Pilihan ketiga dan terakhir, menurut laporan tersebut, hanya akan menjadikan negara-negara Baltik dan membenamkan aliansi  ke dalam postur perang Dingin yang jauh lebih intens. Pilihan semacam itu tentu saja tidak disuka oleh banyak penduduk di negara-negara tersebut dan justru akan melemahkan NATO serta memungkinkan terjadinya perpecahan antara anggota aliansi.

“Simulasi menunjukkan bahwa kekuatan sekitar tujuh brigade, termasuk tiga brigade lapis baja berat – yang secara memadai didukung oleh kekuatan udara, senjata berbasis darat, dan senjata lain di lapangan dan kesiapan berperang – cukup bisa mencegah penyerbuan yang cepat ke negara-negara Baltik, “tulis penelitian tersebut.

Dari berbagai skenario yang dieksplorasi untuk wargame, disimpulkan bahwa perlawanan NATO akan segera dibanjiri dengan tidak adanya postur kekuatan pertahanan yang besar.

“Tidak adanya pertahanan udara jarak pendek di unit Amerika dan pertahanan minimal di unit NATO lainnya, berarti bahwa banyak dari serangan ini hanya mendapat perlawanan dari patroli tempur NATO, yang jumlahnay terbatas.
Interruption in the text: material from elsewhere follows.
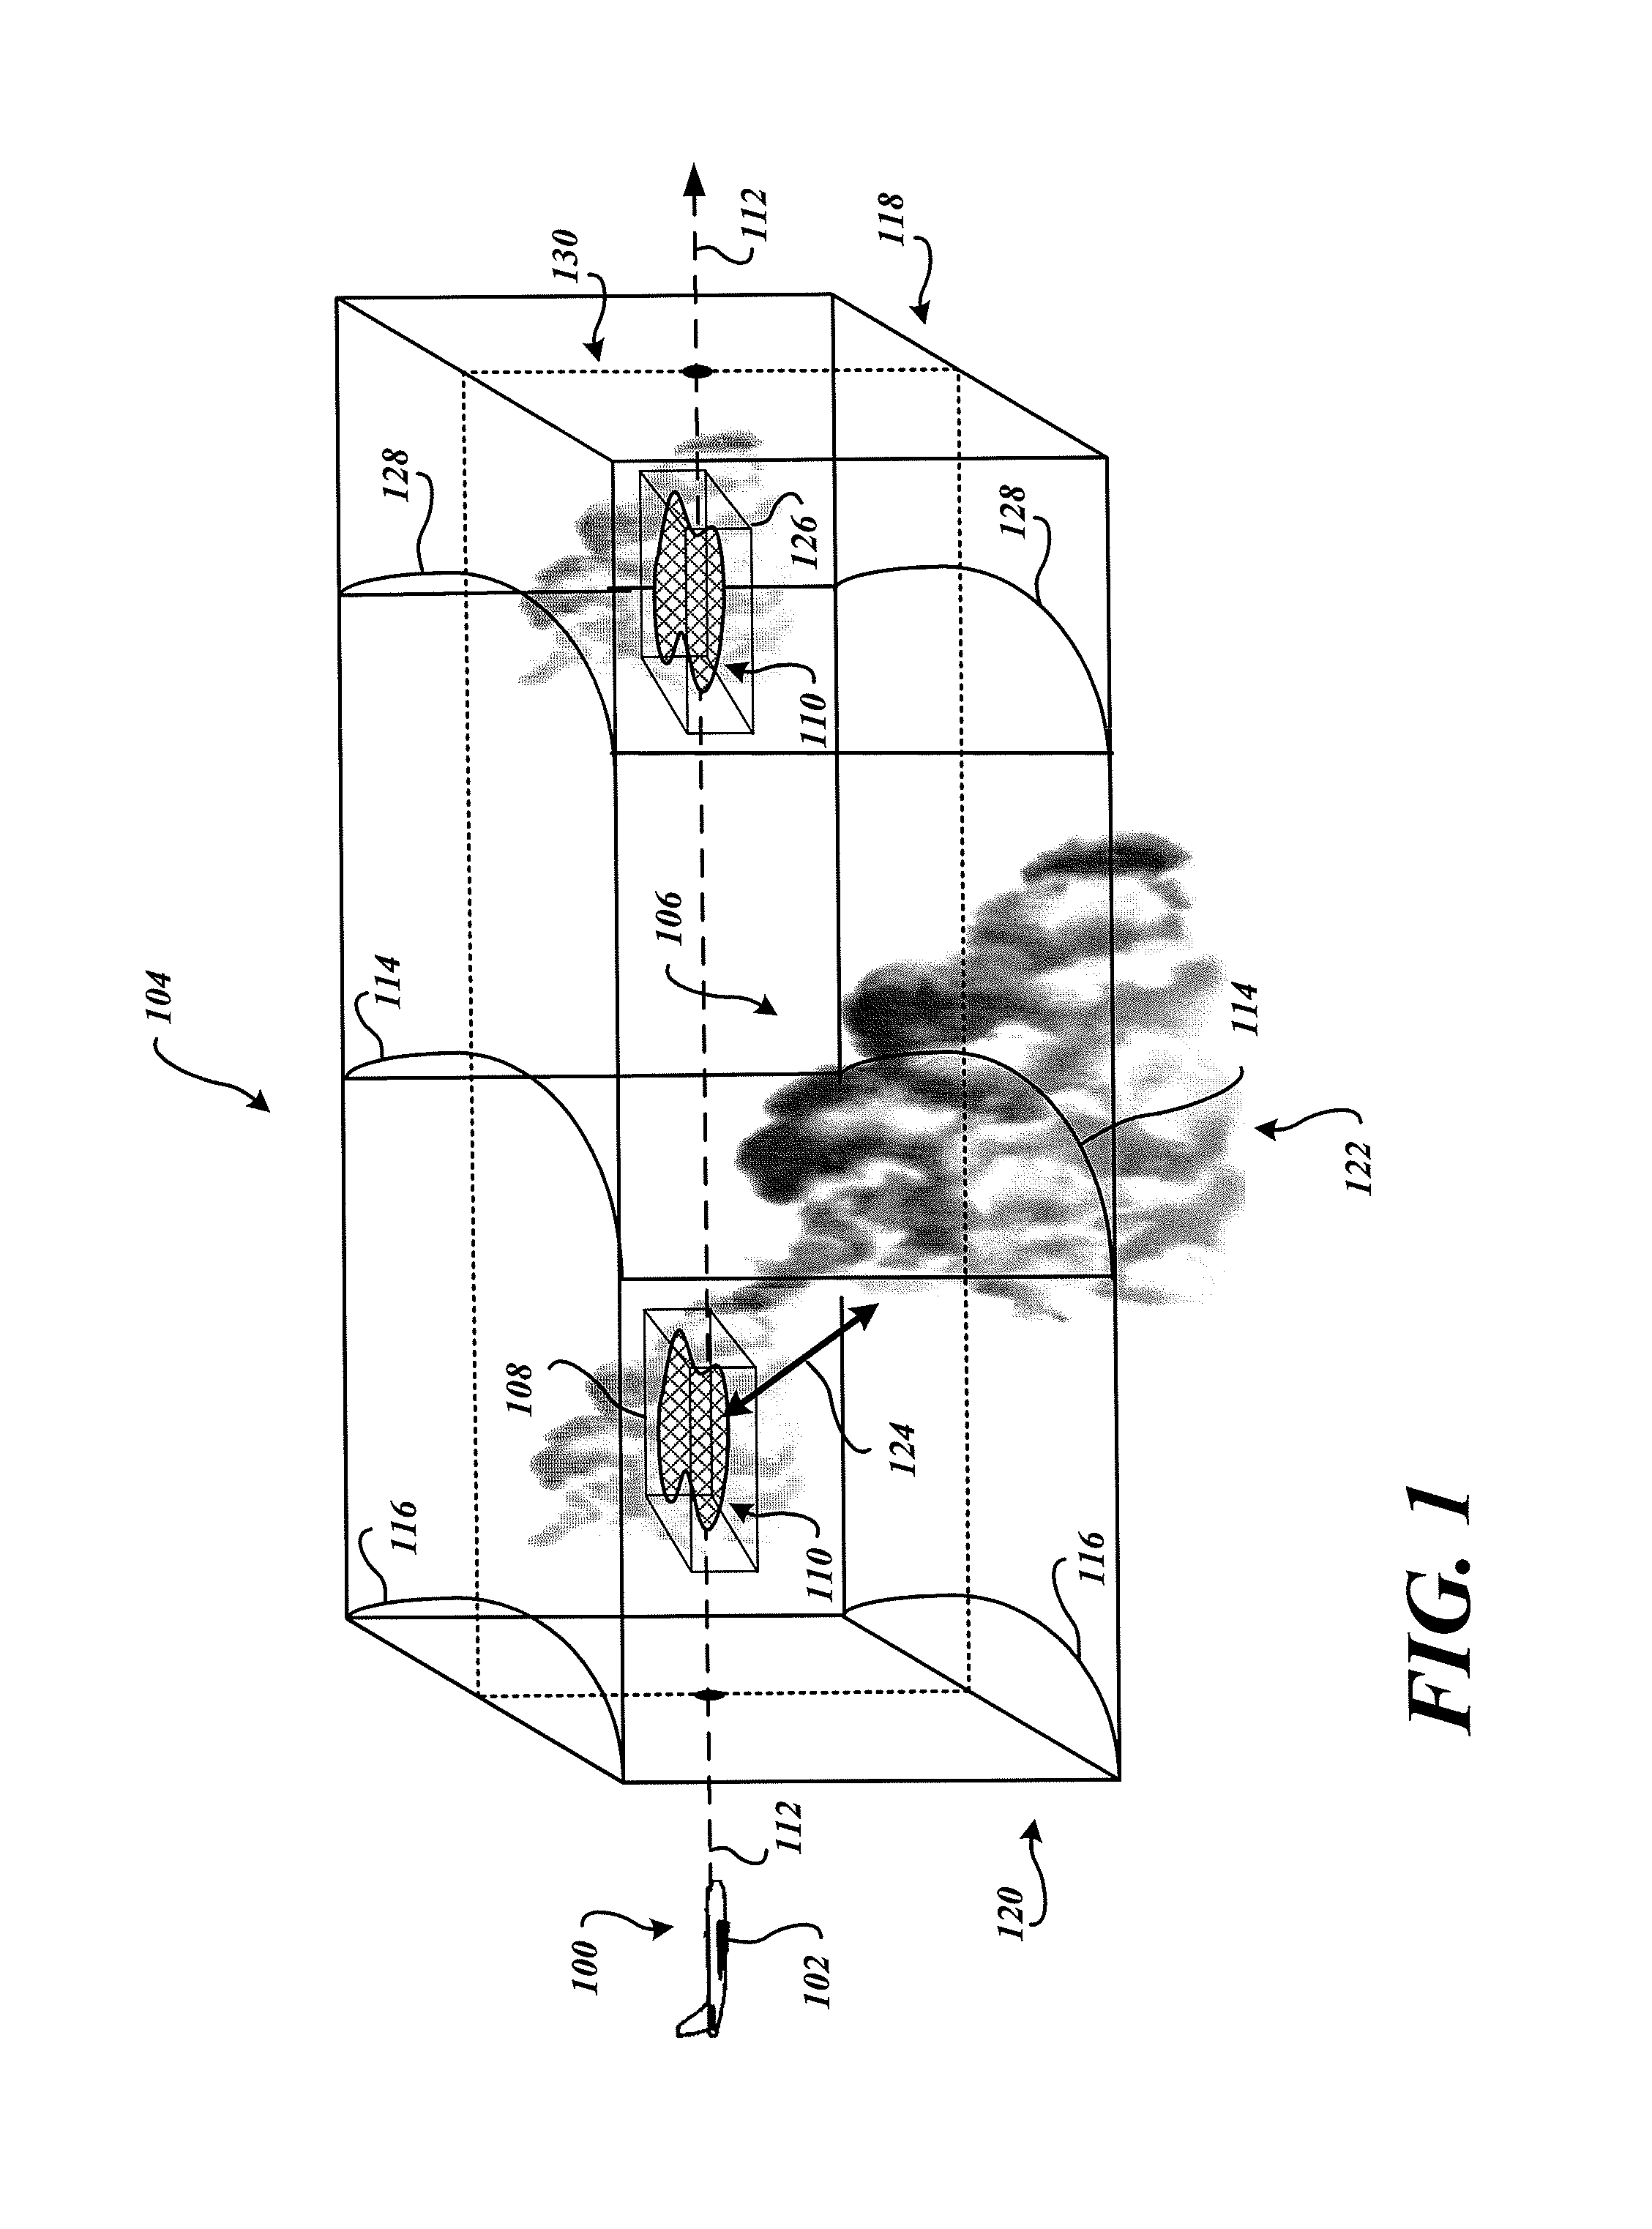 System and method to identify regions of airspace having ice crystals using an onboard weather radar system

Hasilnya adalah kerugian besar bagi beberapa batalyon Biru (NATO) dan terganggunya serangan balik, ” kata studi tersebut.

Latvia, Lithuania dan Estonia kemungkinan besar adalah target Rusia karena ketiga negara tersebut berada dekat dengan Rusia dan juga merupakan bekas Uni Soviet.

“Juga seperti Ukraina, Estonia dan Latvia merupakan rumah bagi populasi etnis Rusia yang cukup besar yang tidak terintegrasi ke dalam arus utama politik dan sosial pasca-kemerdekaan kedua negara dan yang memberi Rusia pembenaran diri untuk campur tangan dalam urusan Estonia dan Latvia, ” Studi tersebut menjelaskan.

Studi Rand mempertahankan bahwa, meski mahal, menambahkan brigade akan menjadi usaha yang layak bagi NATO.